Consta dos autos que a recorrente responde à ação penal pela suposta prática de furto qualificado por abuso de confiança, em continuidade delitiva (art. 155, § 4º, II, c/c art. 71, do Código Penal), em razão de subtrações de joias e bens de elevado valor nas residências das vítimas, em contexto de diarista, com indicativos de vendas subsequentes de joias (fls. 1-6).
A prisão preventiva foi decretada em processo próprio e, em 23/10/2025, foi substituída por medidas cautelares diversas da prisão, dentre elas monitoramento eletrônico e recolhimento domiciliar noturno, em atenção a quadro grave de saúde do companheiro e à necessidade de cuidados com as filhas menores (fls. 141-146).
Em 25/11/2025, foi instaurado incidente de insanidade mental, com sobrestamento da ação penal; o exame psiquiátrico foi agendado para 30/07/2026, e o pedido de revogação da monitoração eletrônica foi indeferido em 03/03/2026 (fls. 77-78).
O habeas corpus na origem foi julgado em 29/05/2026, com denegação da ordem, e os embargos de declaração subsequentes foram rejeitados em 19/06/2026 (fls. 165-171 e 198-204).

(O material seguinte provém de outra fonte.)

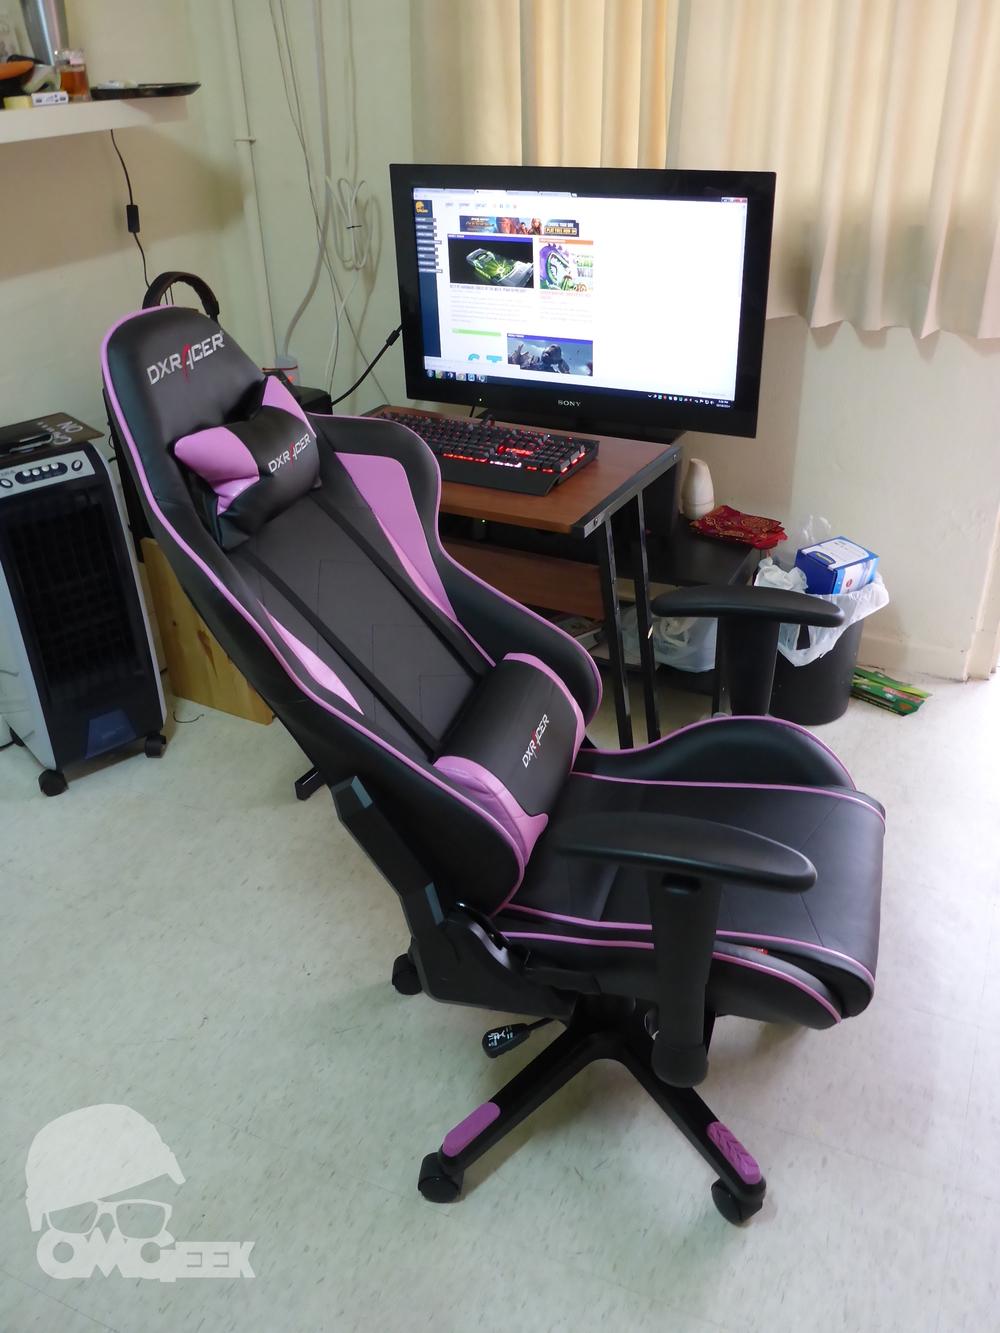 Pink desk chairs - Dxracer Formula Series Review Omgeek

A defesa alega excesso de prazo na manutenção da medida de monitoramento eletrônico, afirmando que a cautelar se prolonga há mais de dez meses sem contribuição da recorrente para atrasos, em contexto de processo suspenso para realização de perícia no incidente de insanidade mental, o que violaria a garantia da razoável duração do processo.

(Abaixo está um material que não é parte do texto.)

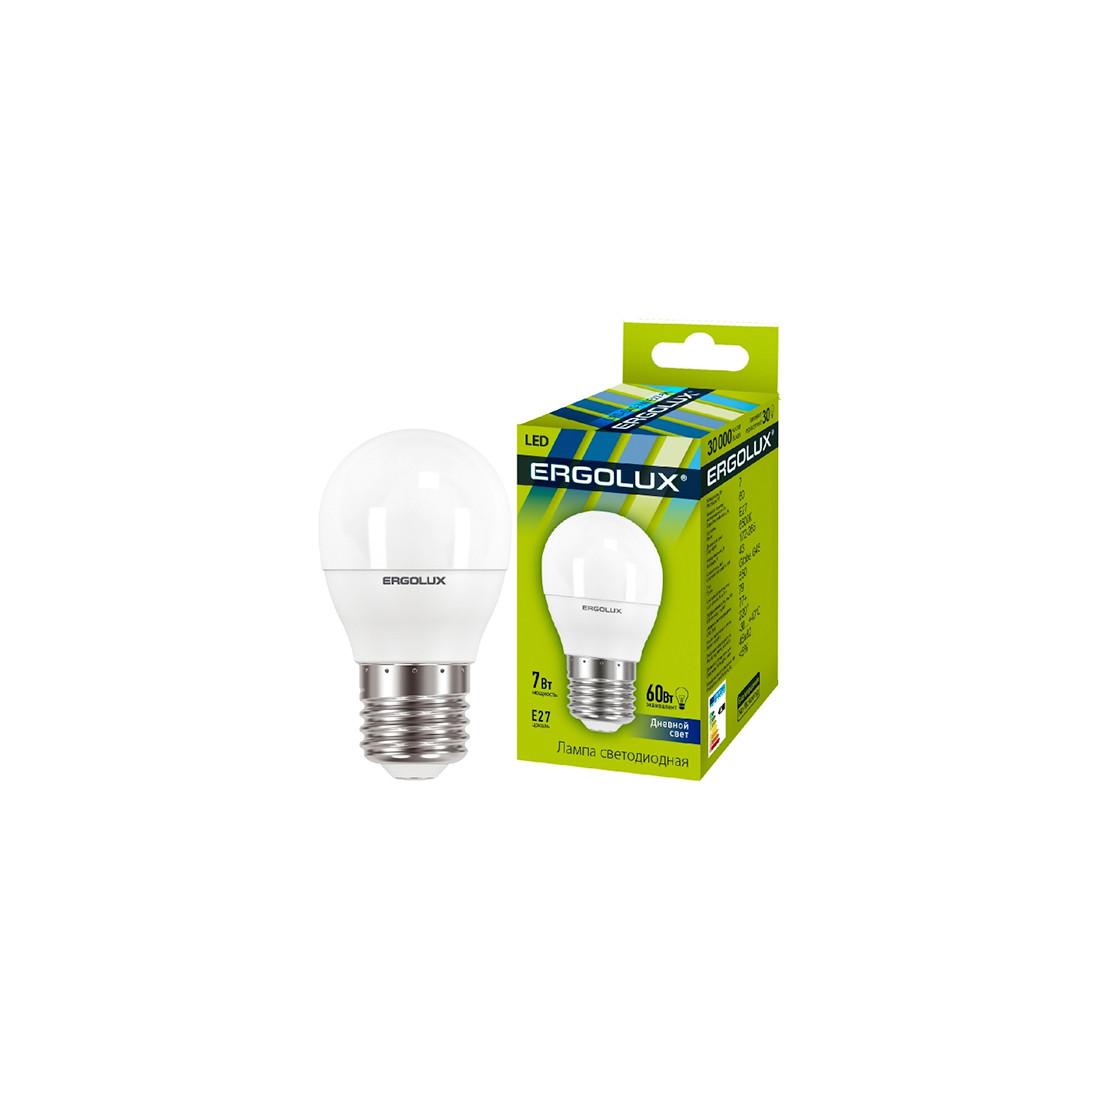 Эл. лампа светодиодная Ergolux LED-G45-7W-E27-6K Шар Дневной

Sustenta, com base no art. 319 do Código de Processo Penal, a excepcionalidade das cautelares e a necessidade de contemporaneidade e demonstração de fatos novos, invocando o art. 282, § 5º, do mesmo diploma, e afirma que a dilação temporal ocasionada pela máquina estatal não pode justificar a prorrogação indefinida de restrição à liberdade (fls. 210-216).
Argumenta, ainda, grave sofrimento psíquico e violação à dignidade da pessoa humana em razão do uso prolongado de tornozeleira eletrônica, destacando diagnóstico formal de cleptomania e transtorno do jogo, com necessidade de tratamento contínuo, e que o monitoramento eletrônico acarretaria estigmatização e agravamento do quadro ansioso e depressivo, devendo ser substituído por medidas menos gravosas compatíveis com o estado de saúde e as condições pessoais (fls. 210-216).
Aponta ofensa ao princípio da homogeneidade, na medida em que a monitoração eletrônica, mantida por período considerável e sem prazo certo, seria mais gravosa do que a resposta penal provável ao final — inclusive a hipótese de absolvição imprópria com medida de segurança em tratamento ambulatorial, a depender do desfecho do incidente de insanidade mental — convertendo a cautelar em punição antecipada (fls. 210-216).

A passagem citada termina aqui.